Scattered phrases he understands are still drifting from the soldiers and farmer, but they are otherwise speaking in dialects and slang he doesn’t recognise. A single wisp of cloud has formed. The soldiers point their guns towards the sky, the old man doesn’t look up and the boy has been staring above his head at something he’s never seen before. 

There is something in the pockets of the jacket. He plunges his hands into them and his fingers grasp and draw out a bundle of possessions. 

A cinema ticket from the last day of the previous winter. It is a foreign film but he’s seen it before. He took Mary to see it when they were in Genoa together; it was the one where a middle aged cobbler who has never left his village gets mistaken for the leader of a rebel group of Marxists (actually killed in a plane crash that morning). When he is arrested by government forces and tortured, he sides with the rebels anyway, and lives up to their belief in him as their leader. He tries to stage a coup, but there are too many soldiers and the cobbler and his rebel allies are publicly executed. 

He tried to tell Mary that it wasn’t the point of the movie that the coup failed; but rather that the cobbler for the first time in his life did something he believed in. But Mary was silent through dinner and on the way back to the hotel she was crying and he didn’t put his arm around her. 

The camera woman, to whom he hasn’t yet spoken is walking over to him with an unlit cigarette in her mouth. She raises her forehead upward and holds out her hand with palm laid out flat to the sky, waiting to receive something. He looks at her and follows her gaze to his own hand, where he can see the bottom of a lighter jutting out from beneath the cinema ticket. He pulls it out and hands it to her.

The grass in the grove is longer than he expected, and greener. It hasn’t rained all summer, creating a tension in the country of expectation, of ‘almost rain’, yet the grass here must appreciate the dappled shadows from the trees. In his other hand he has drawn out a small left-glove; about as long as his little finger. He can feel something dry inside it, and as he shakes the glove a folded piece of paper falls out. On it is an address for a street somewhere in Vares, and a phone number with a digit missing. The last he heard of Vares was that there were fires in the public squares, and people who danced around them. 

When was the last time he danced? Flung his body about because it felt good, felt exhilarating, felt like something

The last object from the coat was nothing special. A photograph too faded to make out, with a pencil drawn image of a single olive tree on the back. 

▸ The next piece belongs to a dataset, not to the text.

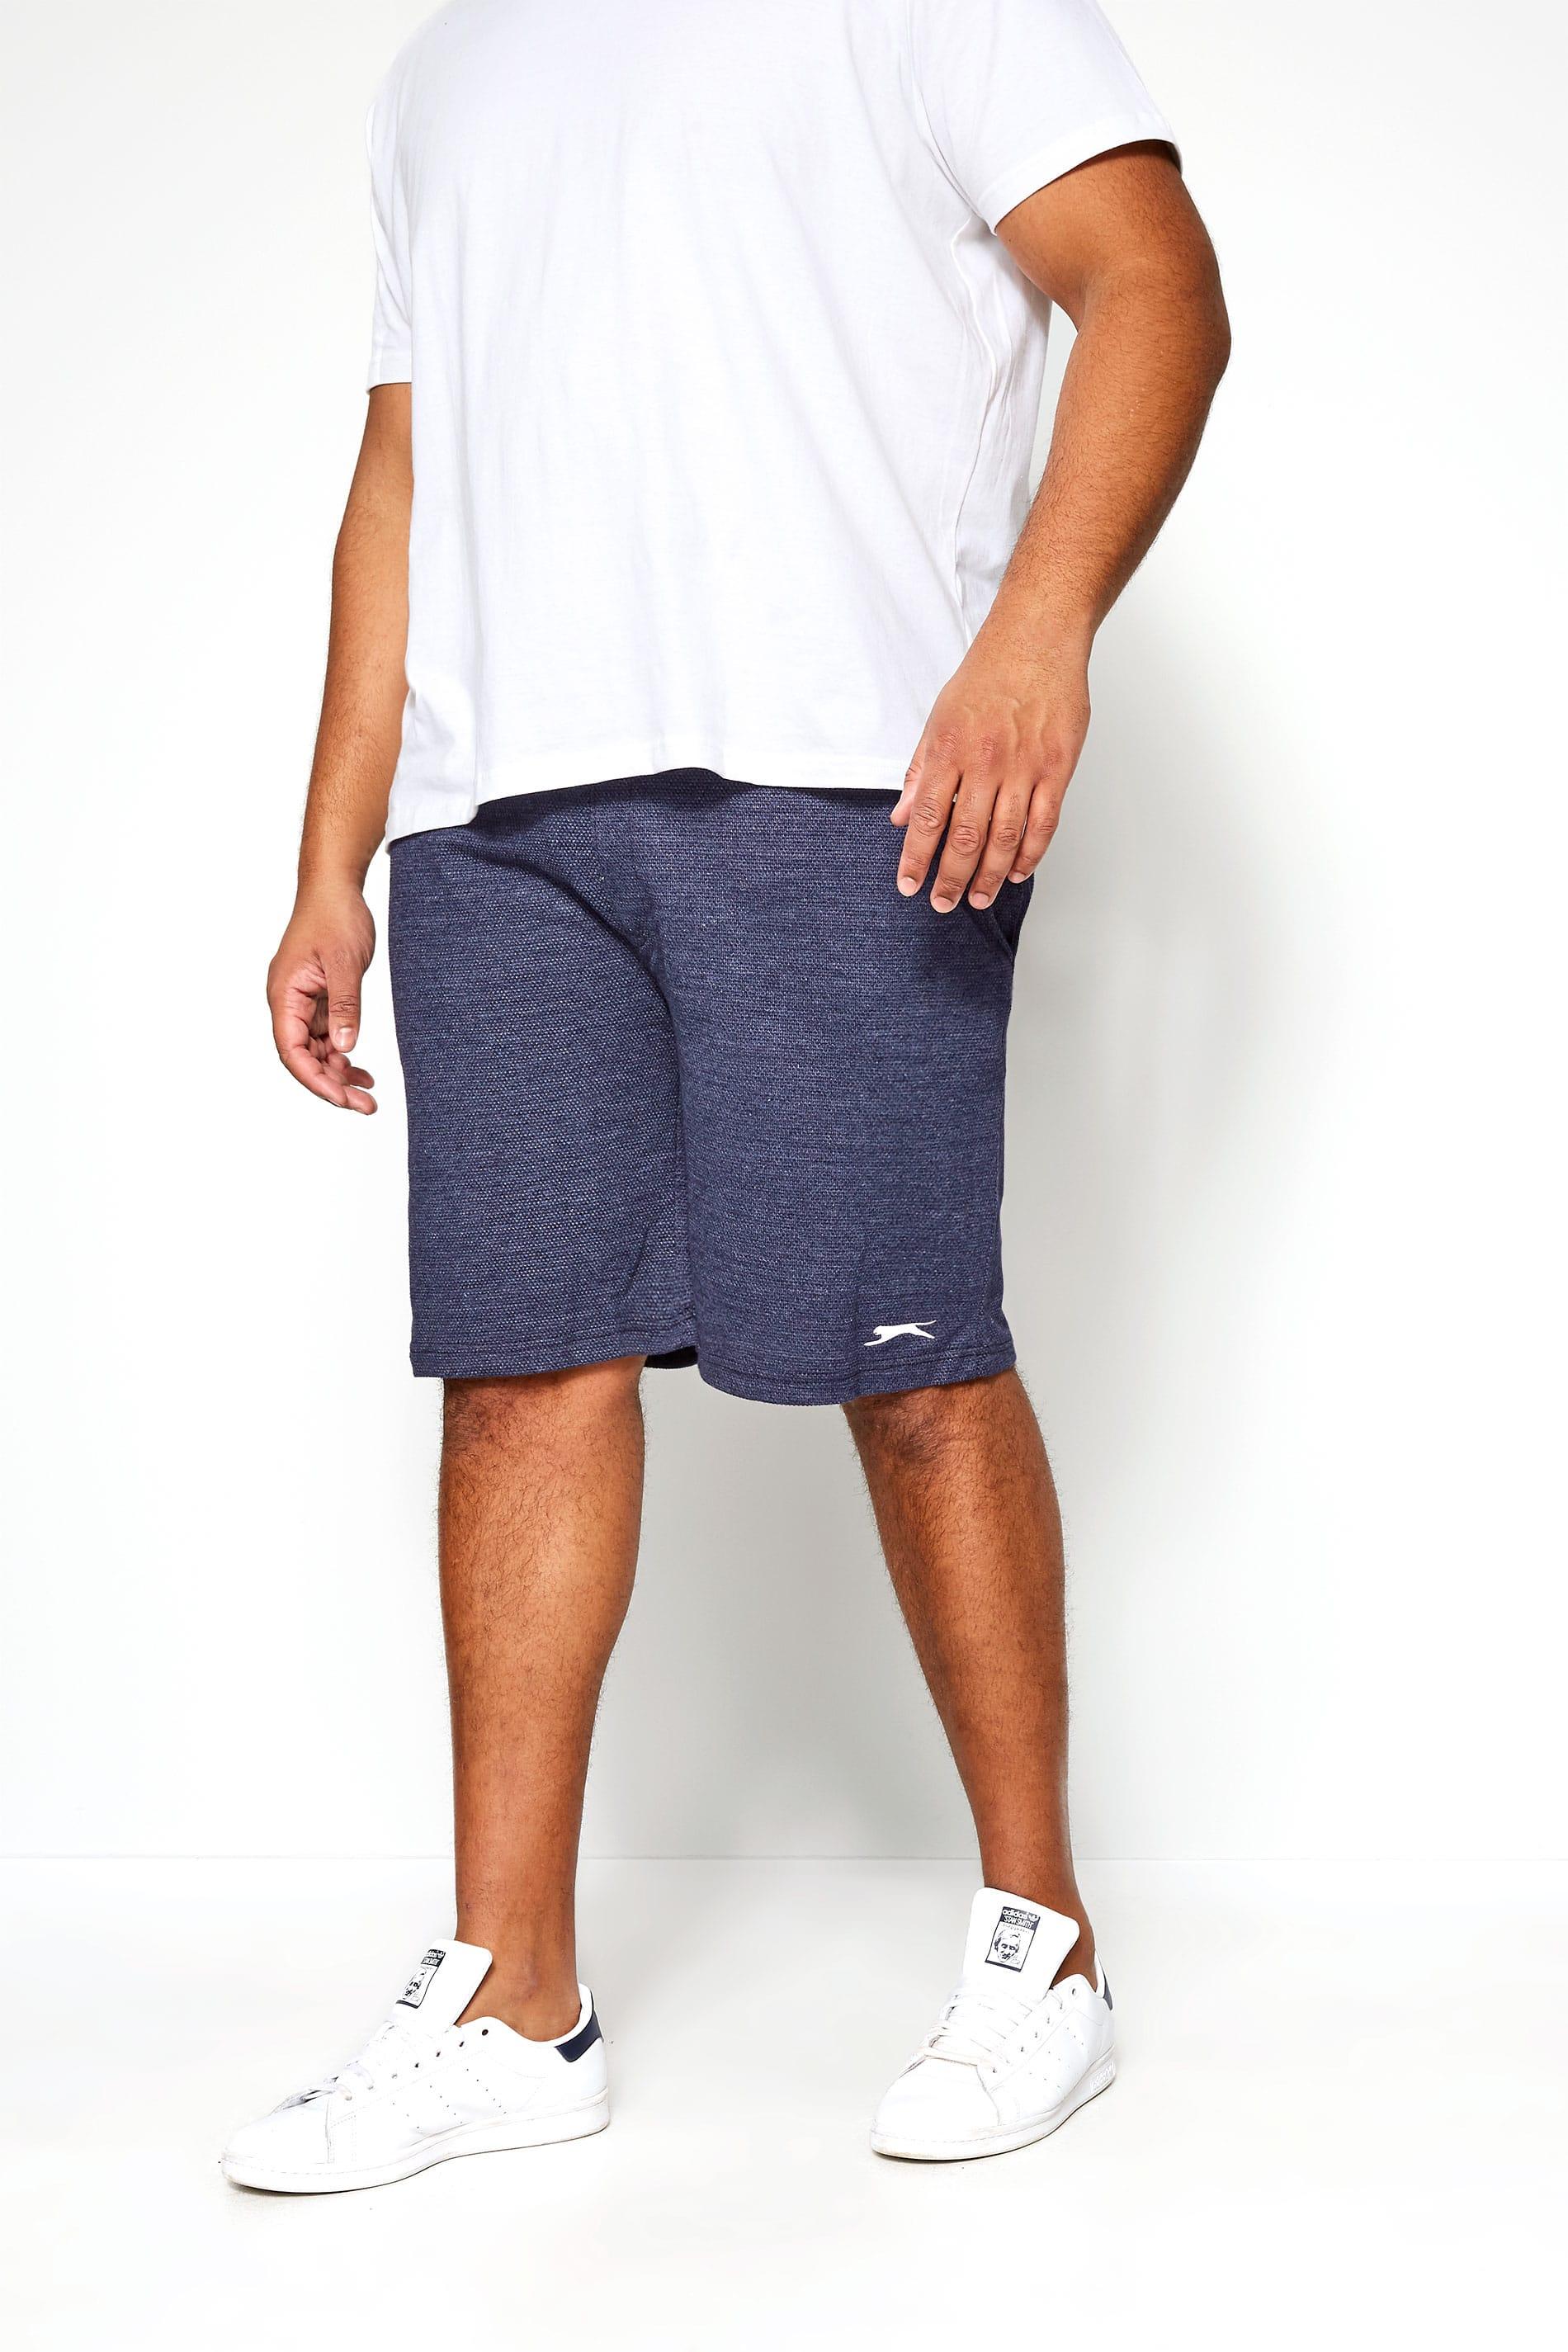 SLAZENGER Navy Textured Jogger Shorts

There is acid behind his eyes. It has submerged his optical nerve and is flooding his mouth but he can’t taste it though he knows it’s there. He has an ingrowing toenail which cuts into his skin and makes his feet smell of rot. He needs a Doctor but Arnaud is far away, running out of the olive grove with the African diplomat. The camera woman has dropped her camera on the floor and is doubled over on the floor, crying, desperately sucking at the cigarette, trying to draw in the smoke. The soldiers are running behind trees. They think they see something. There are thicker shadows cast on the floor by the bodies which hang mutilated and naked from the branches of the olive trees. The little boy doesn’t know if it was the soldiers or the rebels who did it, and he can’t stop staring.